Co-Authored-By: Claude Opus 4.7 (1M context) <noreply@anthropic.com>
2026-05-03 12:21:40 +02:00

63 lines
4.1 KiB
Markdown

# Branches, Commits, Snapshots
## L1 — Lance per-dataset branches
Lance supports branching at the dataset level: a branch is a named lineage of versions, and `fork_branch_from_state(source_branch, target_branch, source_version)` creates a copy-on-write fork.
## L2 — Graph-level branches
OmniGraph builds *graph branches* on top by branching every sub-table coherently:
- `branch_create(name)` / `branch_create_from(target, name)` — disallowed name `main`; fails if branch exists; ensures the schema-apply lock is idle.
- `branch_list()` — returns public branches, **filters internal** `__run__…` and `__schema_apply_lock__` prefixes.
- `branch_delete(name)` — refuses if there are descendants or active runs on the branch; cleans up owned per-branch fragments.
- **Lazy forking**: a branch only forks a sub-table when that sub-table is first mutated on it. Pure-read branches share fragments with their source.
- `sync_branch(branch)` — re-binds the in-memory handle to the latest head of the branch.
## L2 — Commit graph (`db/commit_graph.rs`)
In-memory shape of a graph commit:
```
GraphCommit {
graph_commit_id: ULID,
manifest_branch: Option<String>,
manifest_version: u64,
parent_commit_id: Option<String>,
merged_parent_commit_id: Option<String>, // populated for merge commits
actor_id: Option<String>, // joined in-memory from _graph_commit_actors.lance, NOT a column on _graph_commits.lance
created_at: i64 (microseconds since epoch),
}
```
Storage is split across two Lance datasets (both with stable row IDs):
- `_graph_commits.lance` — every column above *except* `actor_id`.
- `_graph_commit_actors.lance` — optional separate `(graph_commit_id, actor_id)` map, created on demand. The `actor_id` field above is populated by joining this dataset in-memory at load time.
Notes:
- Every successful publish (load / change / merge / schema_apply) appends one commit.
- Merge commits have two parents; linear commits have one.
- API: `list_commits(branch)`, `get_commit(id)`, `head_commit_id_for_branch(branch)`.
## L2 — Snapshots & time travel
- `snapshot()` — current snapshot for the bound branch; cached.
- `snapshot_of(target)` — snapshot at a `ReadTarget` (branch | snapshot id).
- `snapshot_at_version(v: u64)` — historical snapshot from any manifest version.
- `entity_at(table_key, id, version)` — single-entity time travel without building a full snapshot.
- A `Snapshot` is a `(version, HashMap<table_key, SubTableEntry>)` — cheap to build, snapshot-isolated cross-table reads.
## L2 — Internal system branches
Filtered from `branch_list()` but visible to internals:
- `__schema_apply_lock__` — serializes schema migrations.

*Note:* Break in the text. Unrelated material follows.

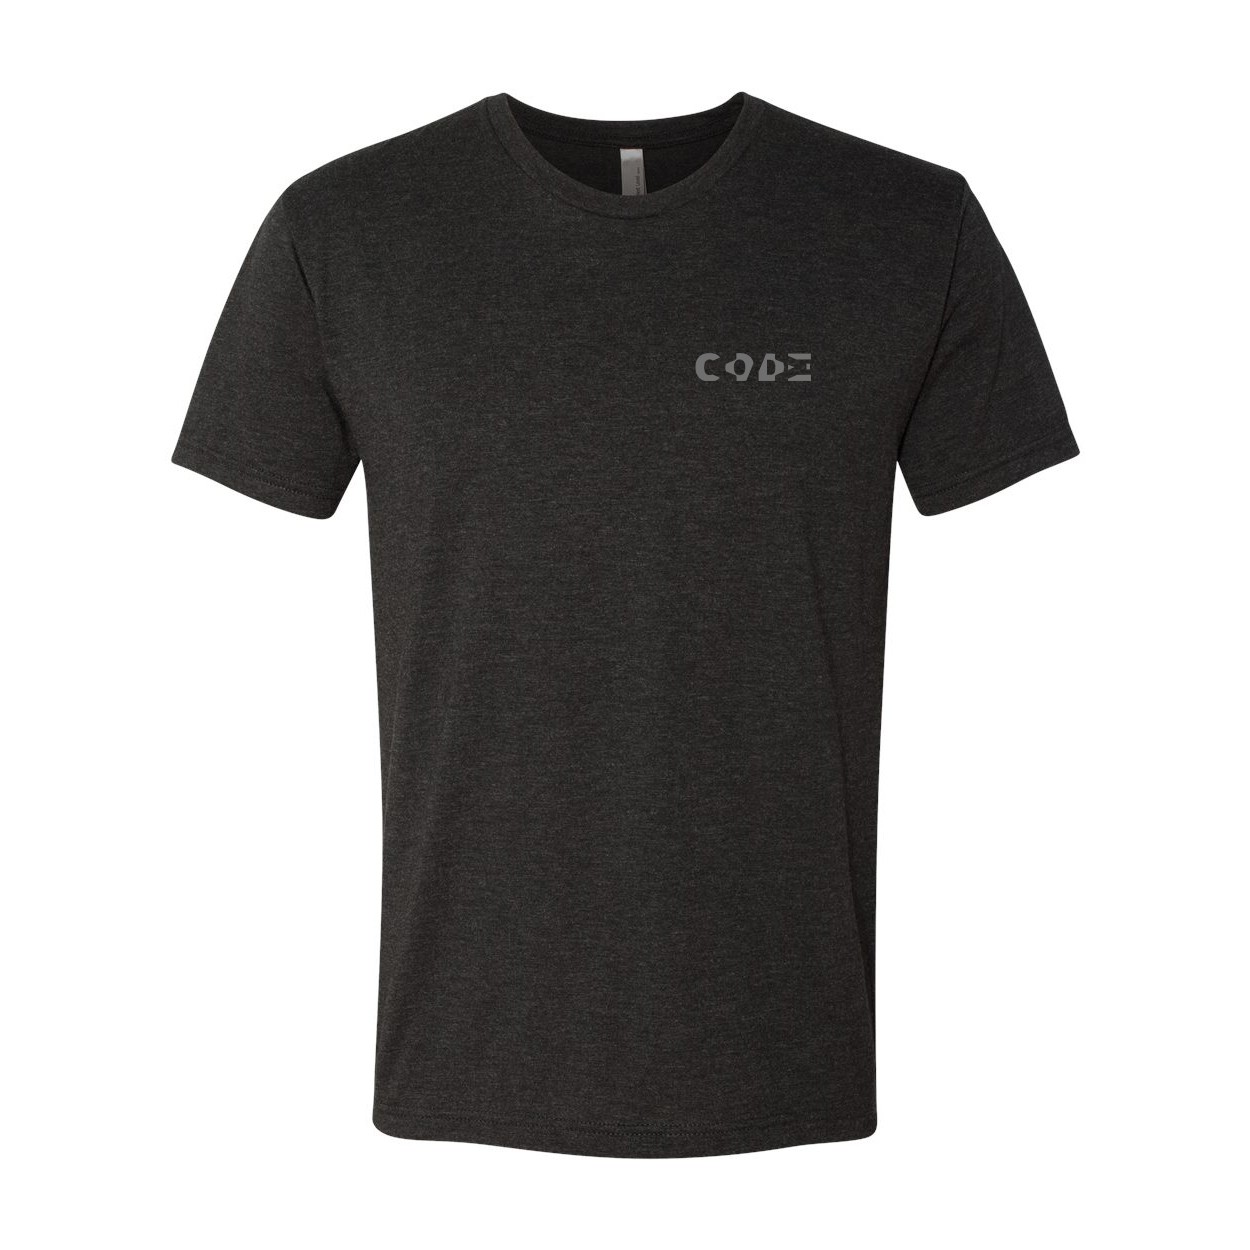 Code Tag Logo Night Out Premium Tri-Blend T-Shirt Vintage Black (Gray Logo)

- `__run__<run-id>` — legacy from the pre-v0.4.0 Run state machine (removed in MR-771). The branch-name guard predicate `is_internal_run_branch` is kept as defense-in-depth so users cannot create a branch matching the legacy prefix; the filter will be removed once production legacy branches are swept (MR-770).
## L2 — Recovery audit trail (MR-847)
The four migrated writers (`MutationStaging::finalize`, `schema_apply`, `branch_merge`, `ensure_indices`) protect their multi-table commits with a sidecar at `__recovery/{ulid}.json` written before Phase B and deleted after Phase C. The next `Omnigraph::open` (gated on `OpenMode::ReadWrite`) runs the recovery sweep in `crates/omnigraph/src/db/manifest/recovery.rs`: classify per-table state, decide all-or-nothing per sidecar, roll forward / back, record an audit row.
Audit rows live in `_graph_commit_recoveries.lance` (sibling to `_graph_commits.lance`) and reference the commit graph by `graph_commit_id`. The linked recovery commit is identified by that same `graph_commit_id`, and `actor_id="omnigraph:recovery"` is stored in `_graph_commit_actors.lance` (joined by `graph_commit_id`) — `_graph_commits.lance` itself does not carry the `actor_id` column. To find recoveries for a specific original actor: `omnigraph commit list --filter actor=omnigraph:recovery`, then join to `_graph_commit_recoveries.lance` by `graph_commit_id` to read `recovery_for_actor`. Schema: see `crates/omnigraph/src/db/recovery_audit.rs`.